■ Exercise: Using the listing below, set down exactly the lines from the one that contains "Puerto Banús: more" through the one that contains "4 Reasons to", with no pictures.

■ Data extract:
--------------------------------

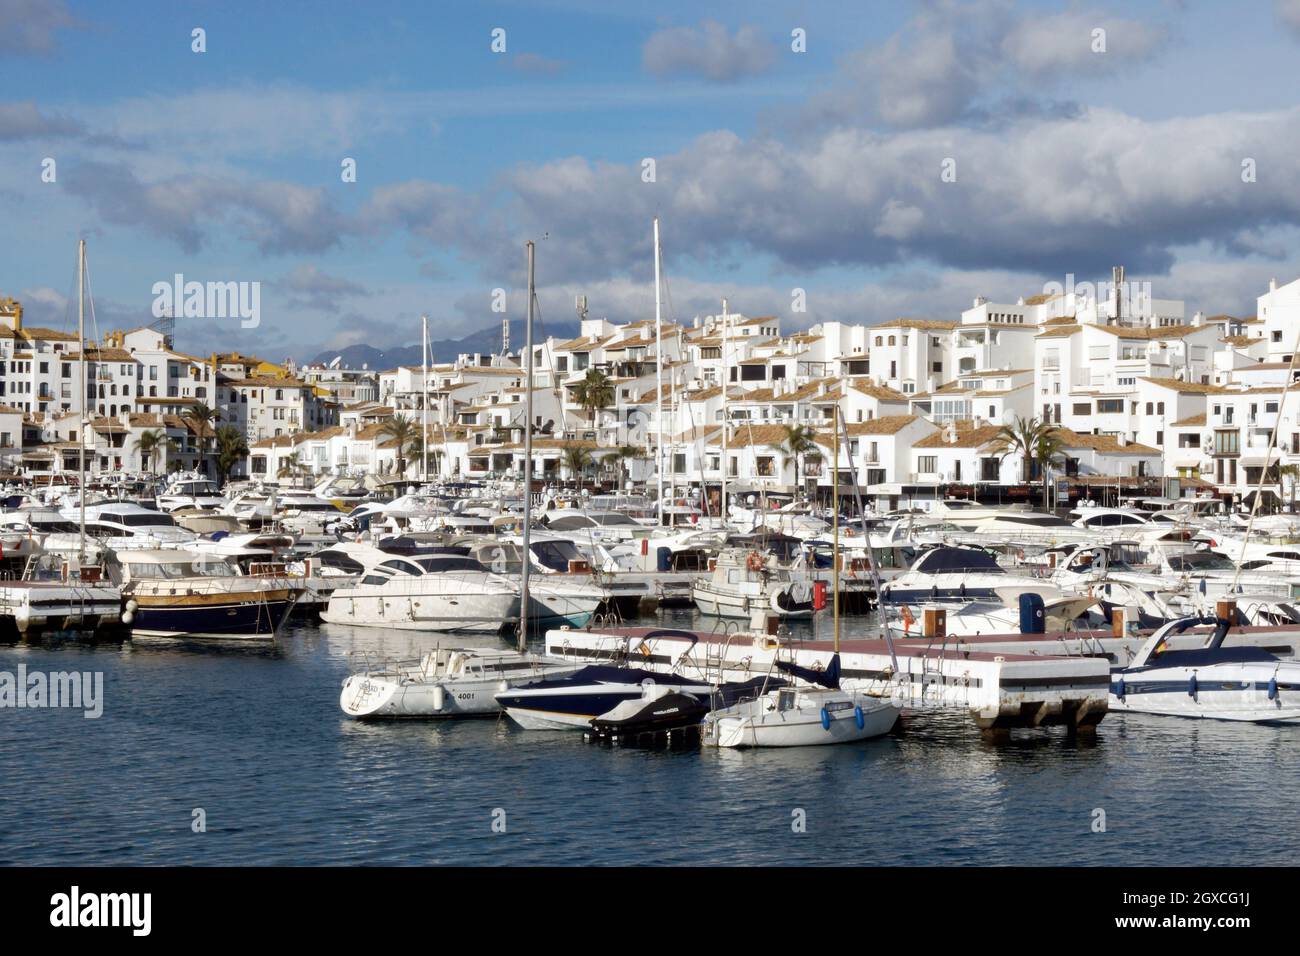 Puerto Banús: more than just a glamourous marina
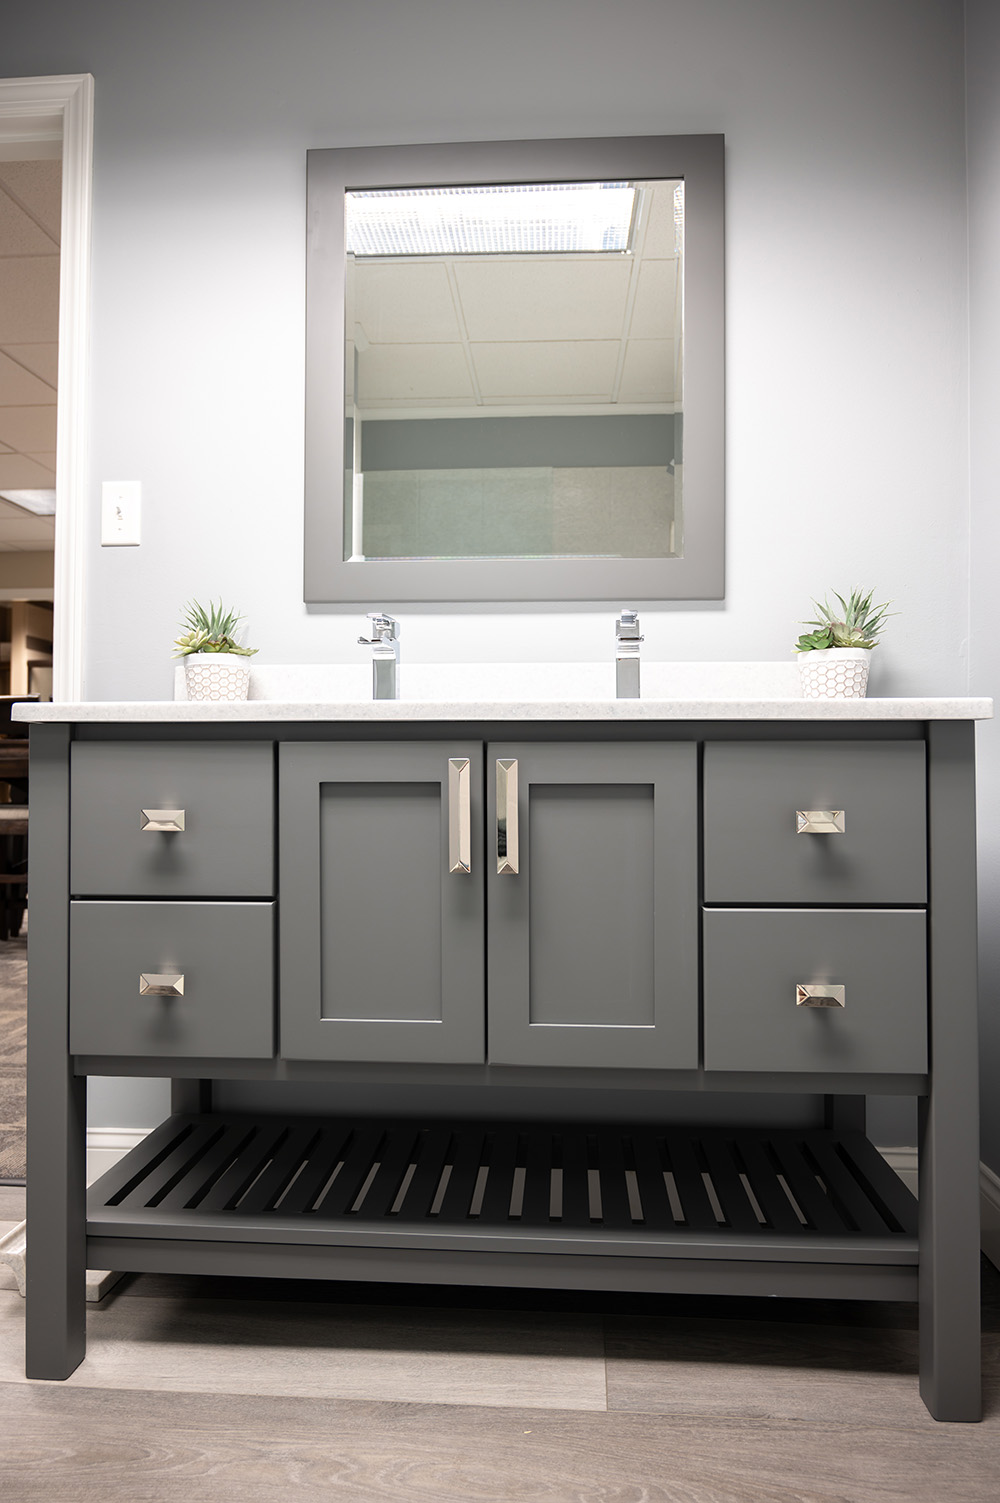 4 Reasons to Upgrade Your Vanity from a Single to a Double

--------------------------------

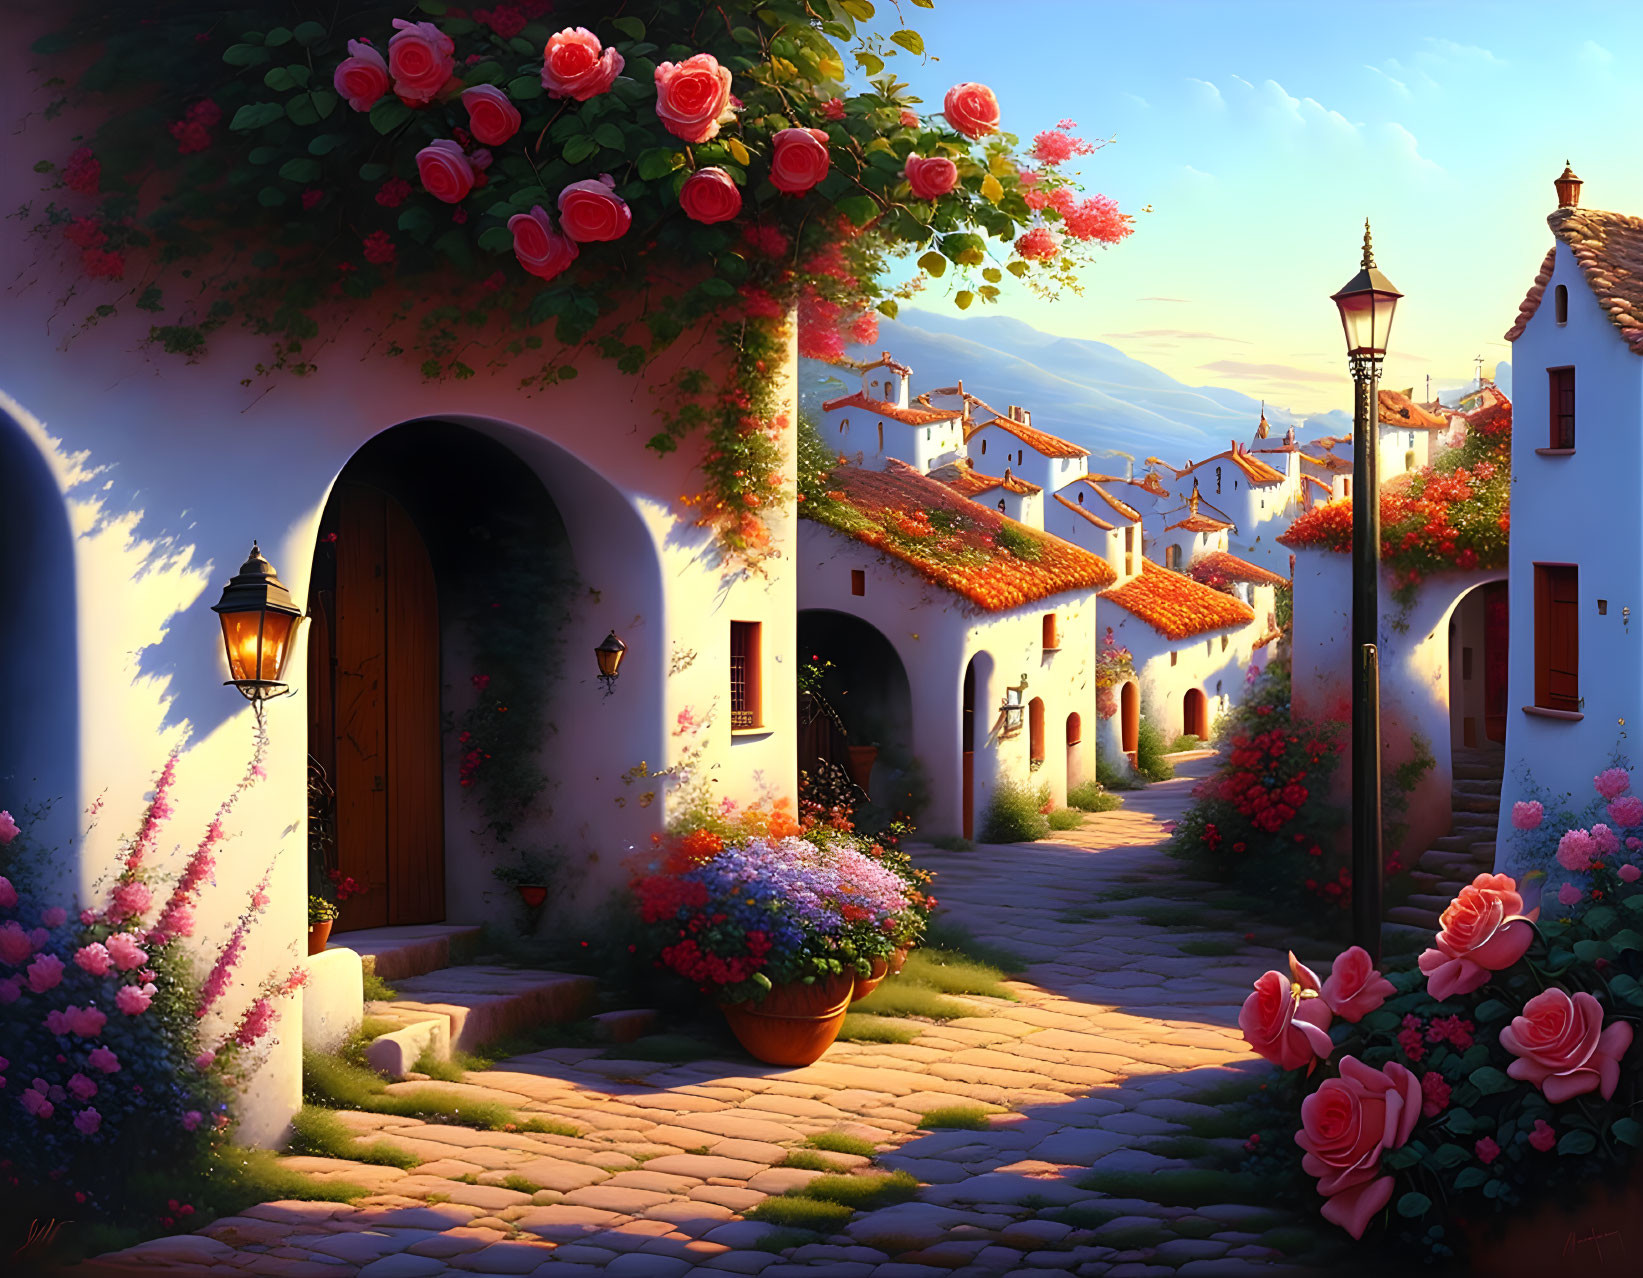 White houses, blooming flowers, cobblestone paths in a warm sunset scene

--------------------------------

■ Task output:
 Puerto Banús: more than just a glamourous marina
 4 Reasons to Upgrade Your Vanity from a Single to a Double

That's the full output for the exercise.